Но я не успел. Поезда уже не ходили. Я позвонил из конторы – сразу после того, как всех собрали и объявили на случай, если кто не слышал радио, что всё, началась война. На вокзале тоже долго не отвечали, а потом наконец-то взяли трубку и сказали, что изменений в расписании на Смоленск не предвидится. Я немного успокоился. Тем более в первые дни репродуктор бубнил что-то тревожное, но бравое и почти не упоминал захваченные врагом города. Я отправил домой письмо, что приезжаю, как и обещал, в середине июля. Однако, когда спохватился и позвонил еще раз, спустя десять дней, направление уже закрыли. Жестяной раструб прогремел, что идет битва за Смоленск, и я вдруг понял, что надо было бежать раньше во что бы то ни стало, а сейчас – уже опоздал. Тем не менее, собрав чемодан, я бросился вон из Парижа к «двушке», мимо остроконечных башен, гипсовых девочек с книгой и казарм с растерянными лицами в окнах.

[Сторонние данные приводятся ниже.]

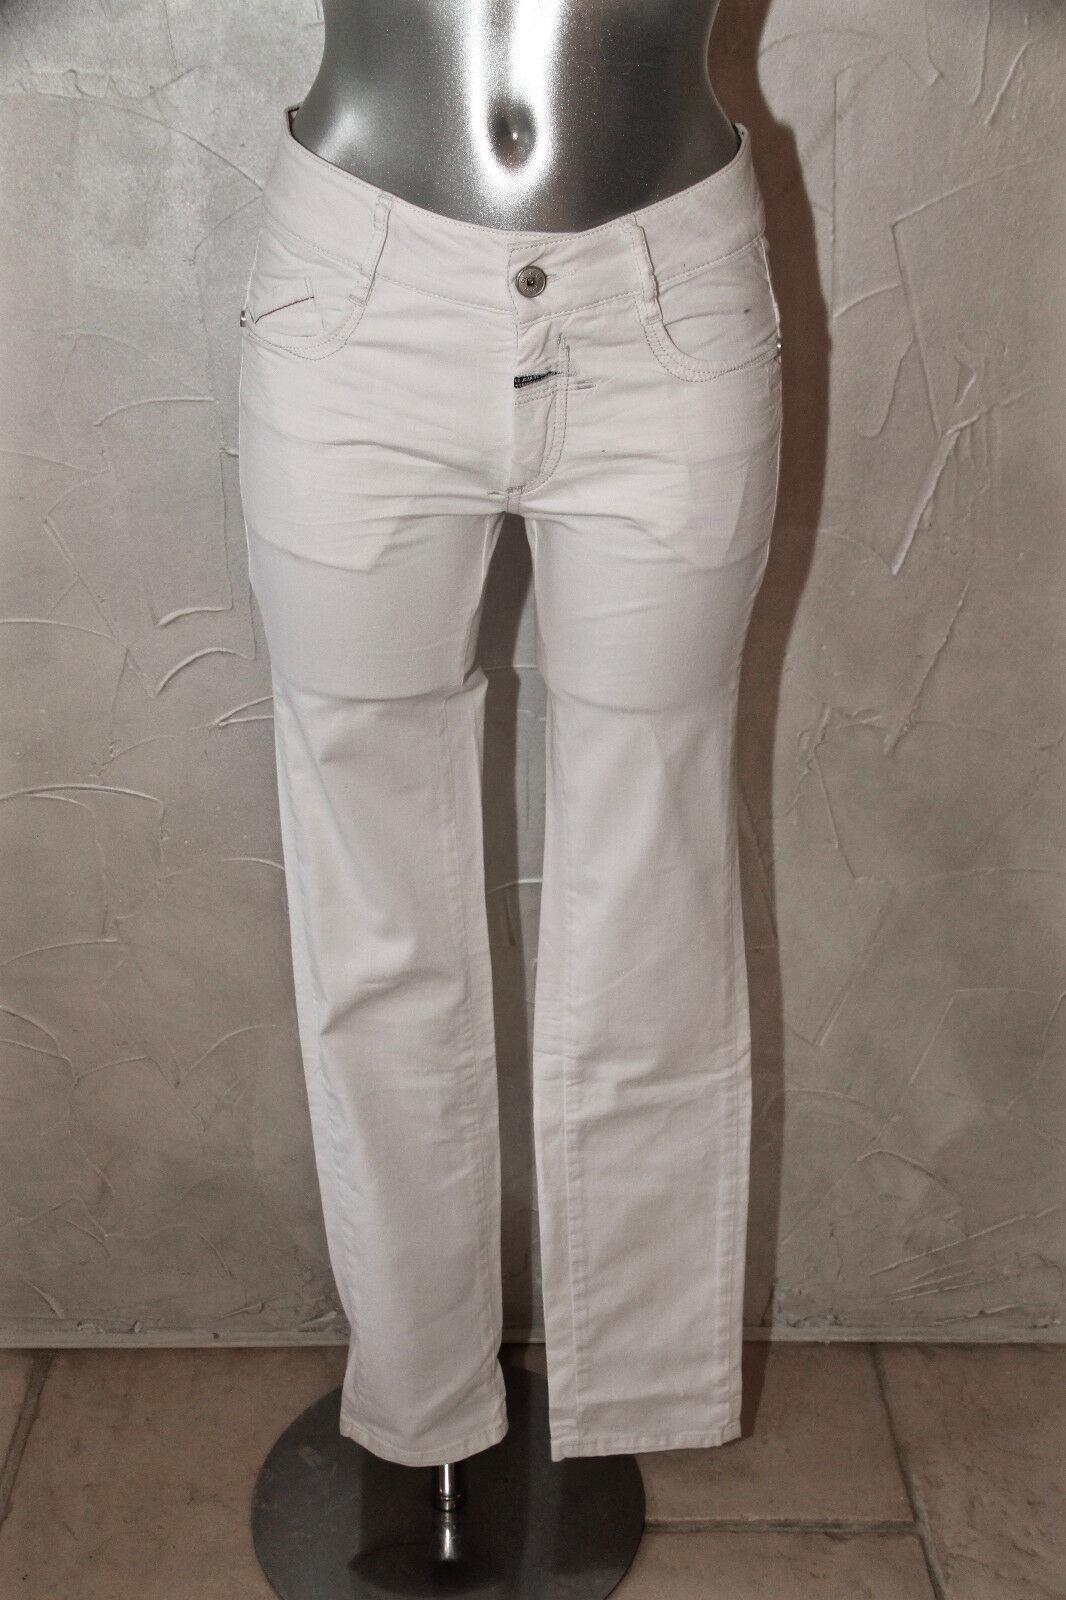 Carino jeans bianco sottile MARITHÉ FRANCOIS GIRBAUD taglia 36 14

Полупустой трамвай ковылял, раскачиваясь, мимо заводоуправления, больницы и лабазов. Город замедлился, люди перемещались, будто подвешенные к небу за веревочки. Пока вагон ехал, я начал просчитывать варианты. Что теперь с отцом, вредно даже воображать. Остальных могли эвакуировать из Ярцева, а могли и оставить. Куда теперь бежать, чтобы их искать, было решительно непонятно. Хорошо, а я? Воевать? Но кого защищать – эту власть? Сейчас я желал самого страшного ей и ее жрецам. Вспомнился Воскобойник. С другой стороны, с запада неслась нечисть. Если даже нам врали о том, какие звери эти фашисты, все равно их войска захватывали, убивали, сжигали, и кто-то должен был защищать от них мать и девочек. Толя, надо думать, уже пошел в военкомат. Прикрыв глаза, я вообразил наш дом и свою комнату, мальчика с собакой, стоявшего у форточки. Мальчик обернулся и посмотрел на меня.

Однажды на каникулах отец взял меня тушить пожар. Лето было сухим, пахло дымом, и все ждали стены пламени. Лесник велел созвать всех взрослых мужчин. Мы выкопали траншею, на которой предстояло встретить огонь. Дым скрывал все, что происходило вокруг. Загонщики встали цепью, и лесник вдруг раздал факелы из тряпок, смоченных бензином. Раздался треск, будто навстречу бежали звери, клубы сгустились, в дальних кронах мелькнули рыжие сполохи. «Поджигай!» – крикнул лесник, и мы пустили огонь навстречу. Пламя успело заняться, встать стеной и поползти к встречному пожару. Наткнувшись друг на друга, обе стены упали и исчезли, оставив лишь дым. Мы бросились заливать блуждающие по земле языки огня. Лесник, закопченный и облепленный паутиной, потом объяснял, как одна стена врезается в другую и между ними не остается кислорода, и гореть уже нечему. Теперь я подумал, что эта война – такой же пожар.

Трамвай перебирался через мост над маслянистой как нефть Тьмакой, и я уже знал, как поступлю. Топографы попадали под бронь, то есть воевать меня бы не призвали, но при этом всюду говорили, что, если кто-то добровольно хочет сейчас же зачислиться в армию, не взять его не могут. Судя по тому, как быстро границы фронта наплывали на Москву, водный трест скоро должны были вывезти куда-то далеко. Я решил, что если запишусь добровольцем, то, во-первых, меня навсегда перестанут держать в списках возможных предателей как сына врага народа, а во-вторых, я, конечно, не смогу распоряжаться собой, но все же у меня, как у военного топографа, будет больше возможностей ходить в отпуск и через полевые связи искать своих несчастных родных.

Слева мелькнула краснокирпичная школа, и вагон приблизился к площади, где каменный истукан шагал куда-то со свернутой газетой в руке. Я стащил чемодан на остановке и пошел к военкомату. Затем бродил полчаса по кварталу, ища вывеску или хотя бы очередь таких же записывающихся, как я. Нет, в одноэтажных каменных особняках даже не горел свет, ни одна дверь не была открыта. Заметив прячущуюся во дворах церковь, я решил справиться там. У двери в притвор висела вывеска с надписью «Осоавиахим». Наверное, он был пророком, этот Осоавиахим. Авраам, Мельхиседек, Мафусаил и он. На стук вышел сторож и подсказал, куда идти.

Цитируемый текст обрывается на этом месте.